Among the included studies, the in vitro virucidal efficacy of CHX against both HCoV and SARS-CoV-2 viruses was determined as lower to none. One RCT demonstrated that the reduction of viral load is similar to the one observed in water [39]. However, one prospective clinical trial, which did not use a control group, demonstrated that a high level of viruses is detected in the saliva, but CHX was able to significantly decrease the viral load for 2 h after a single-use [62]. Similar results were also detected in the other three RCT, of which one demonstrated a significantly higher number of patients with negative detection of SARS-CoV-2 [43].
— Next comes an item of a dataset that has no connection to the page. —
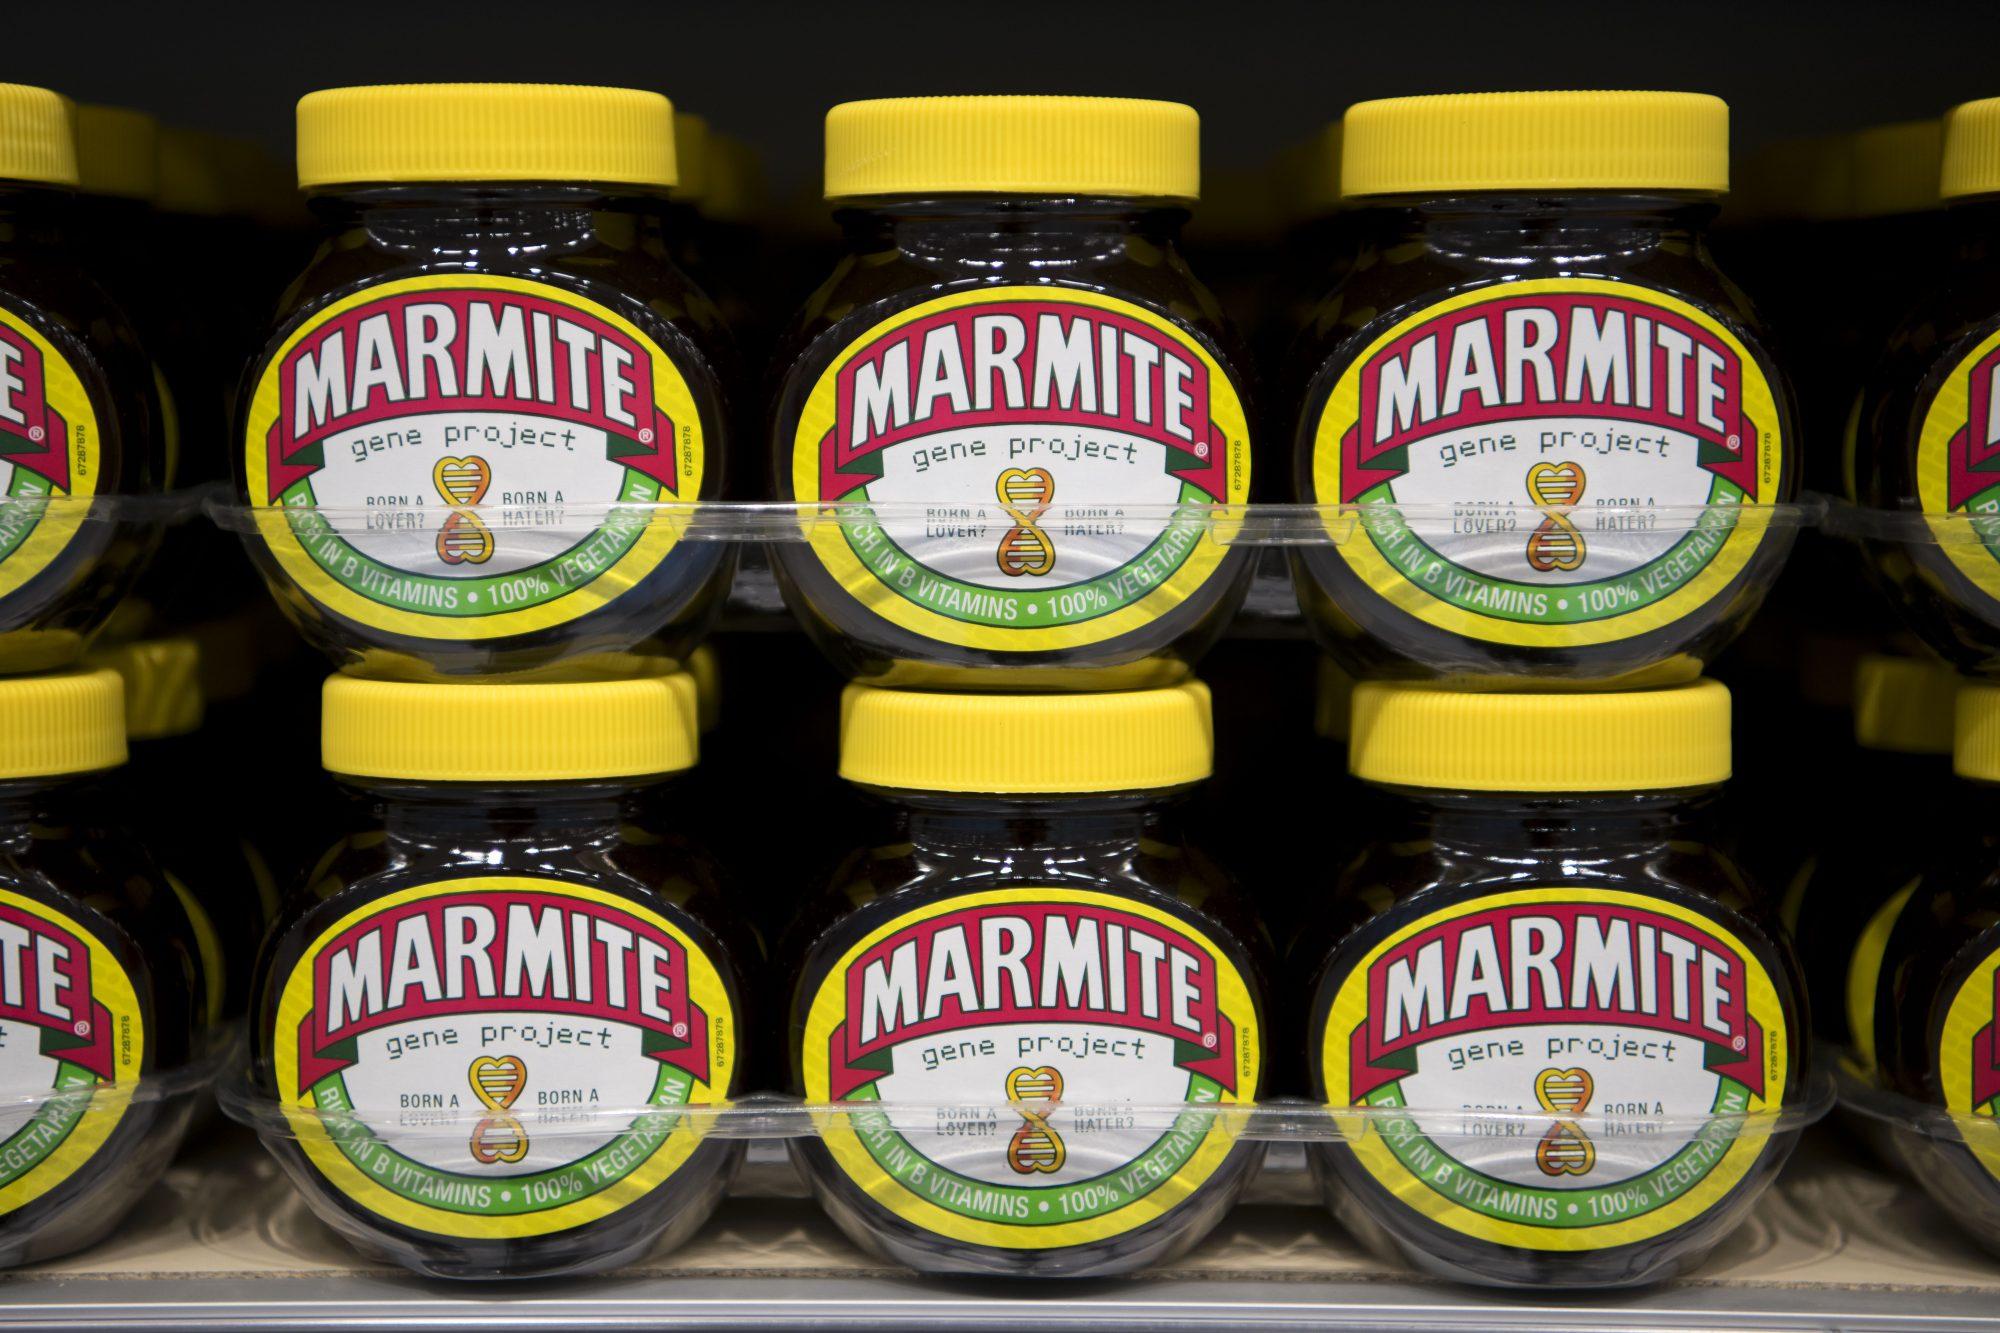 Marmite Getty 6/8/20

In all clinical trials, a low number of participants were included, which decrease the clinical applicability of these findings. Other substances, such as povidone-iodine [63] and hydrogen peroxide [64], might be an additional benefit against SARS-CoV-2, but their clinical efficacy remains unproved [65, 66]. It is noteworthy that the reduced timespan for the performance of large randomized clinical trials related to SARS-CoV-2, since it has been identified recently, could explain the scarcity of the literature. In addition, this might hinder possible effects to be determined in the future.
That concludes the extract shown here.